Segment Start: Exercise inputs

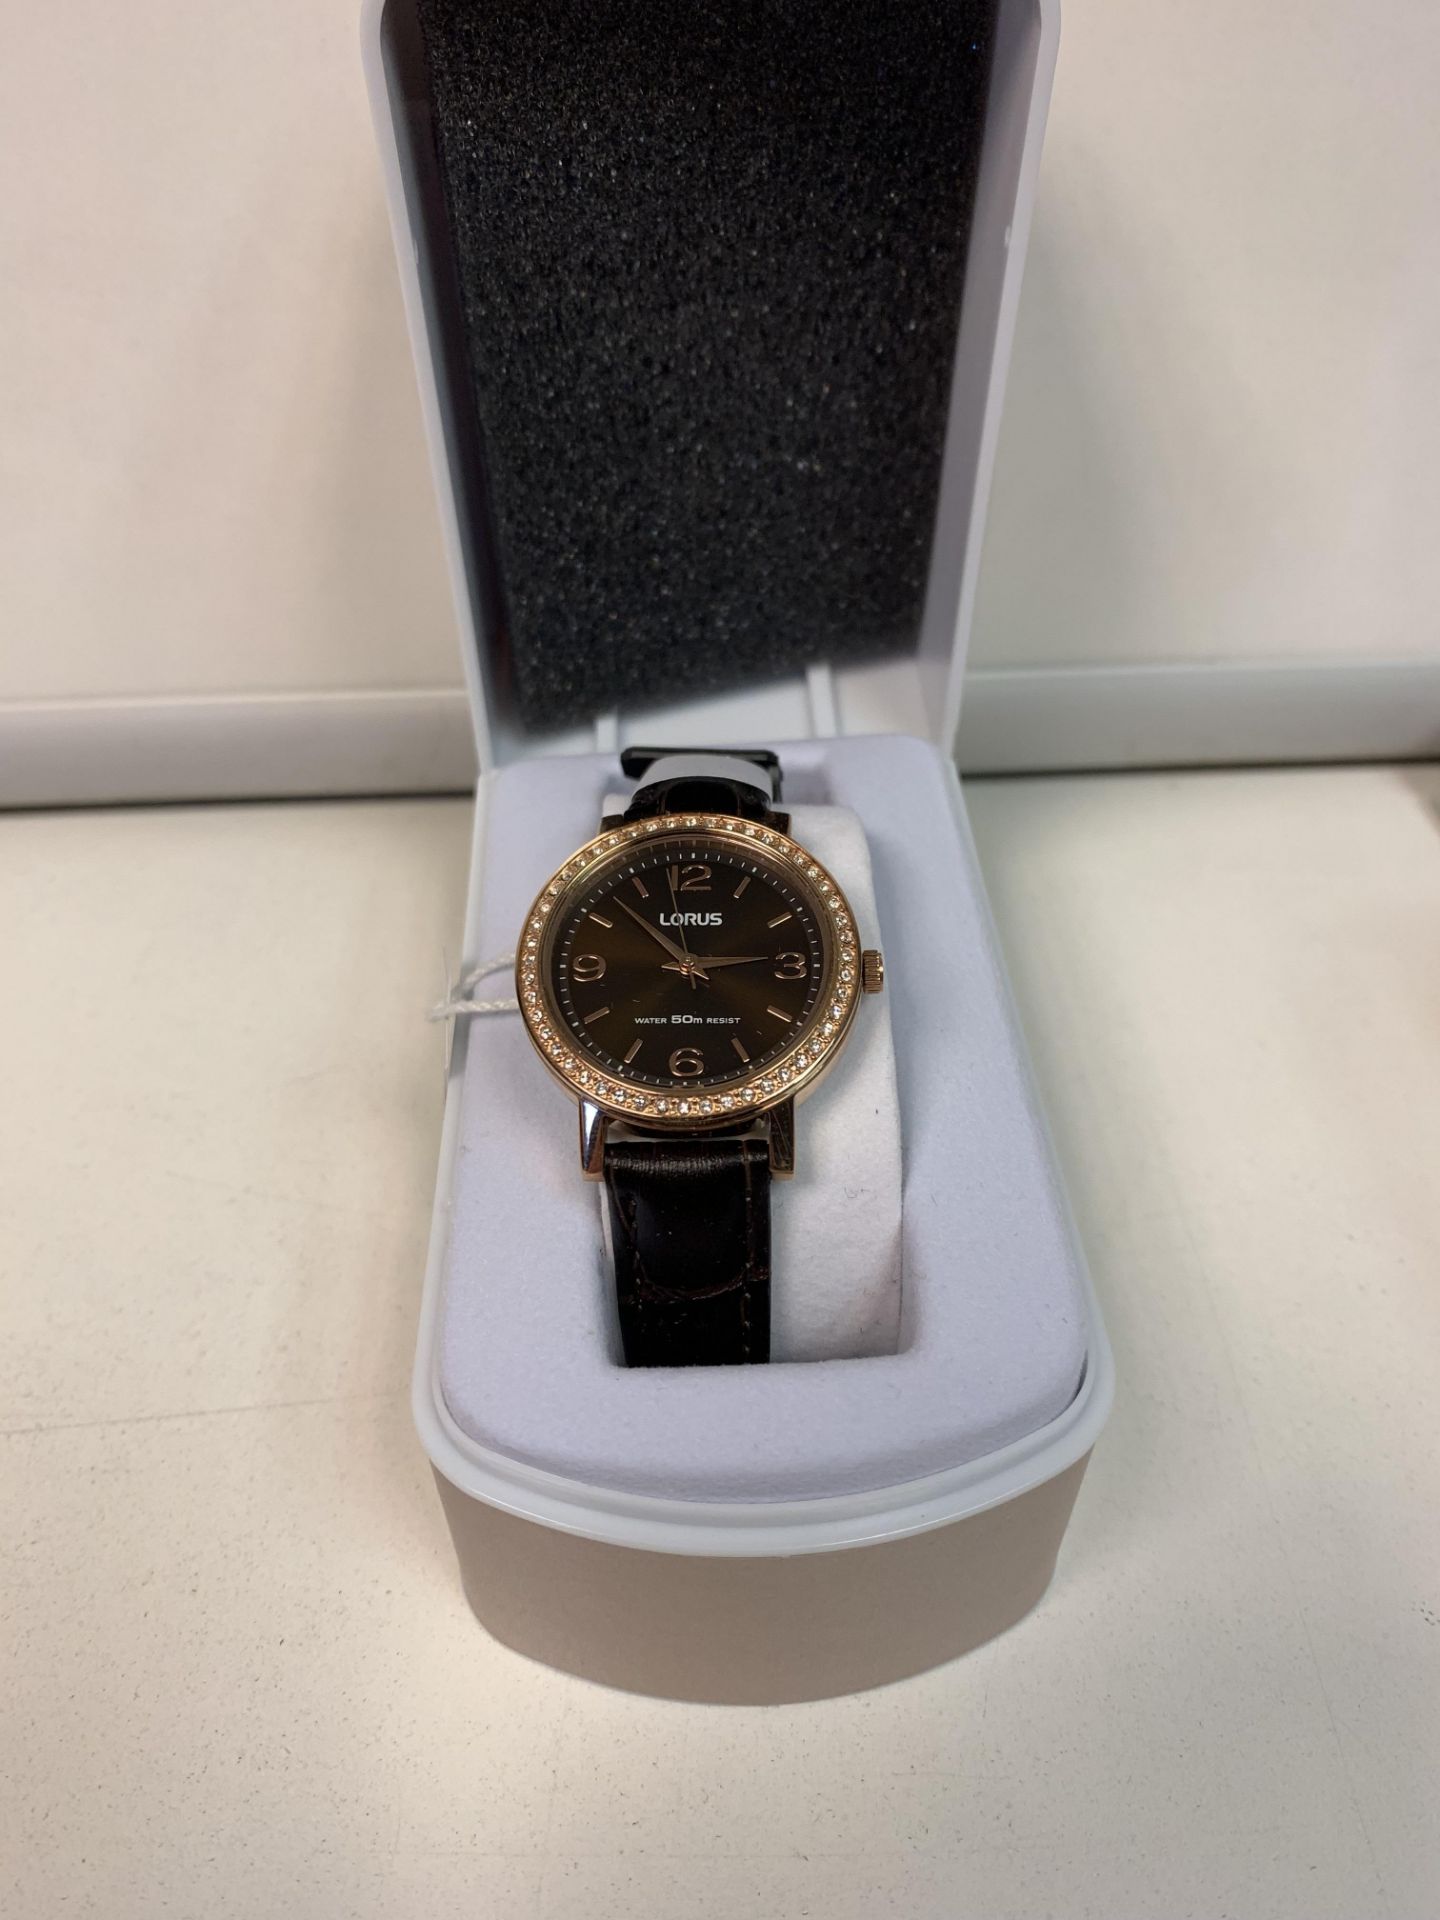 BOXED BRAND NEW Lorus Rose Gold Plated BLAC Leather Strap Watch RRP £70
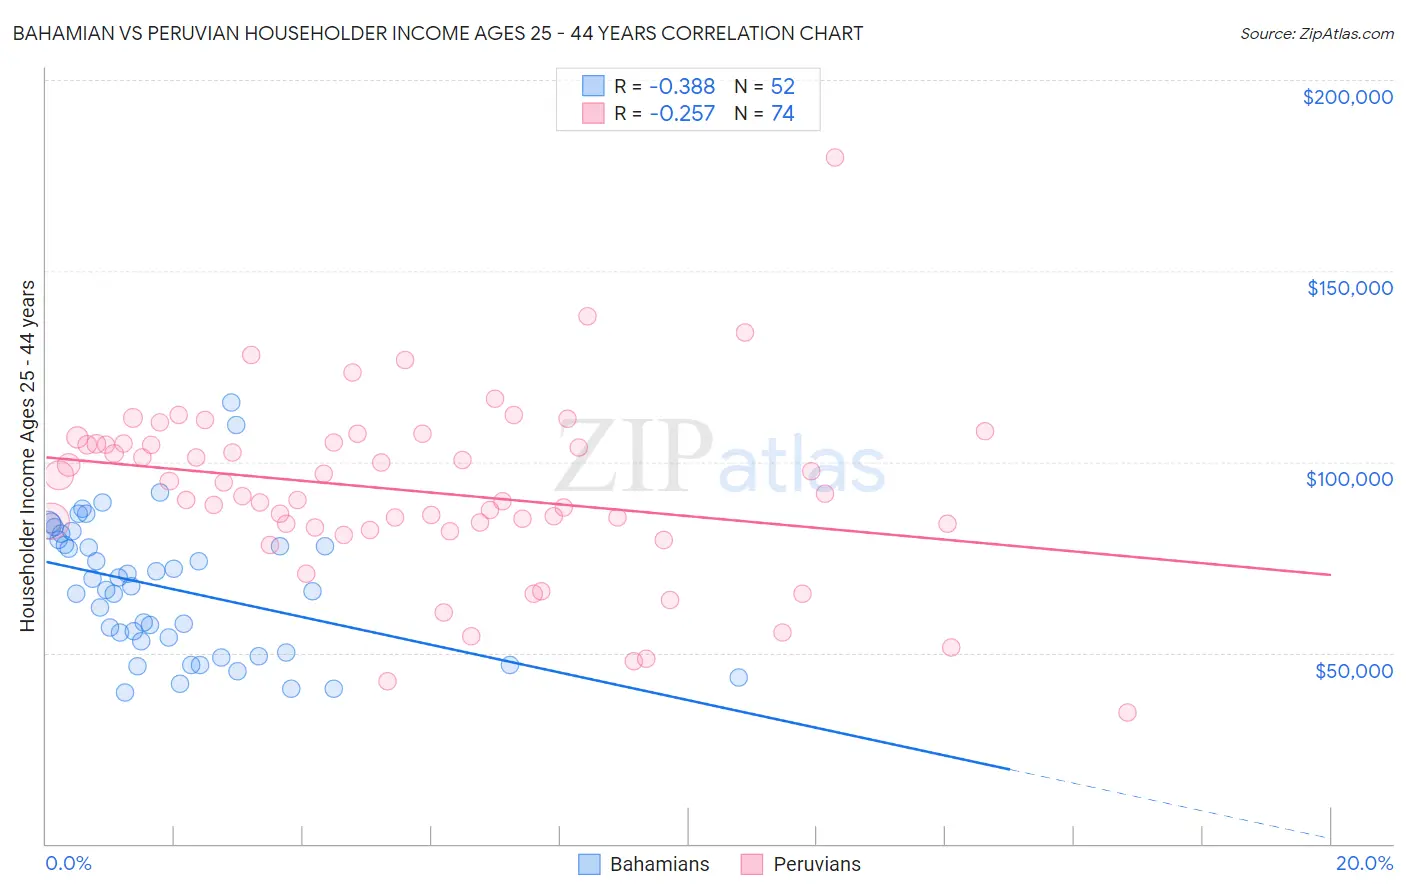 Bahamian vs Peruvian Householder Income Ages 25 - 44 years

Segment End: Exercise inputs
Segment Start: Exercise inputs

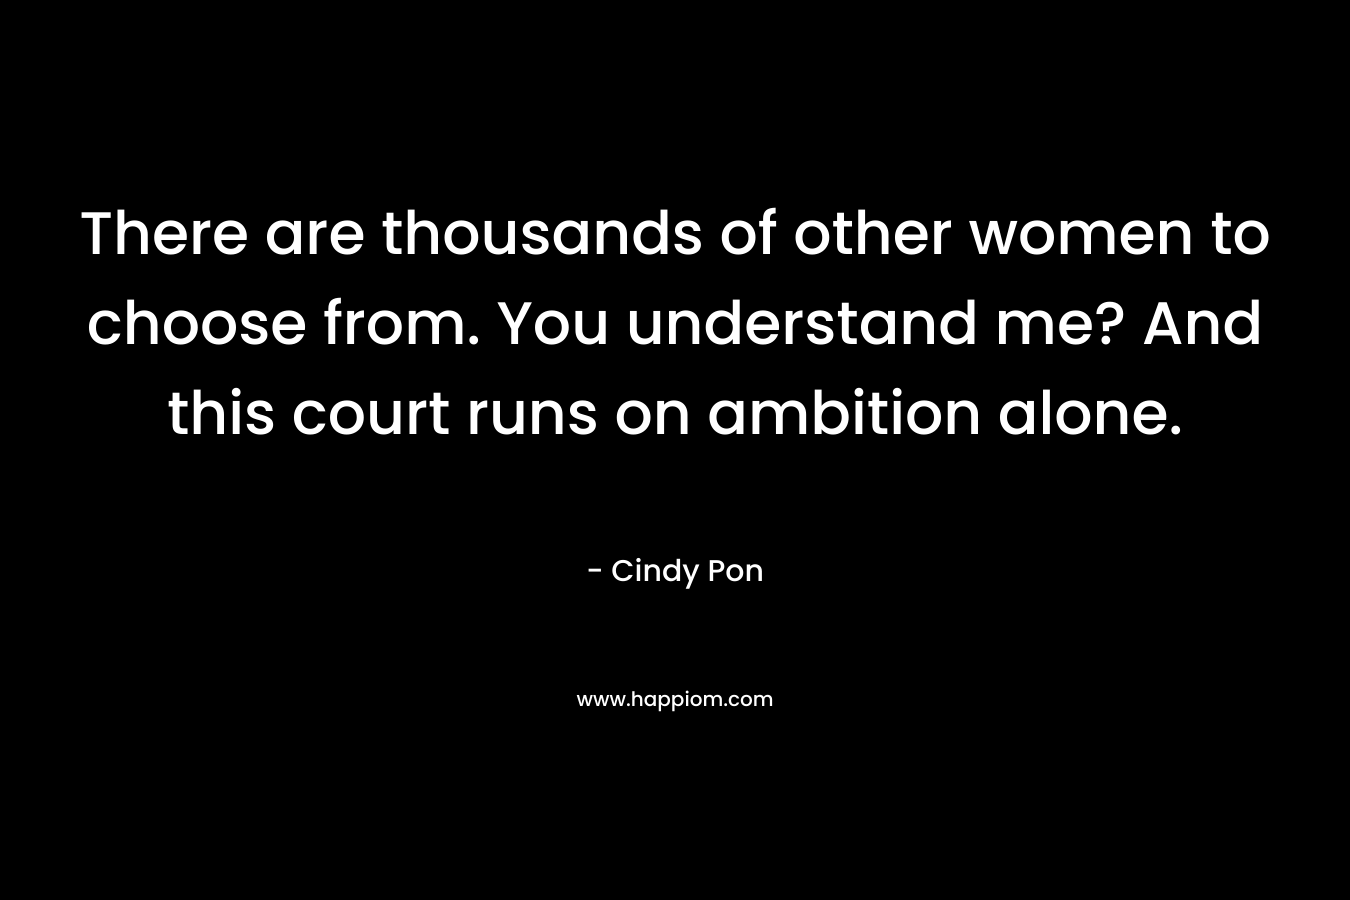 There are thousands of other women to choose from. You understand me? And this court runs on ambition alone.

Segment End: Exercise inputs

### What to do:
Copy out the listing above from the line containing "BOXED BRAND NEW" to the line containing "Bahamian vs Peruvian", both included, exactly as written and minus the images.

### Task answer:
 BOXED BRAND NEW Lorus Rose Gold Plated BLAC Leather Strap Watch RRP £70
 Bahamian vs Peruvian Householder Income Ages 25 - 44 years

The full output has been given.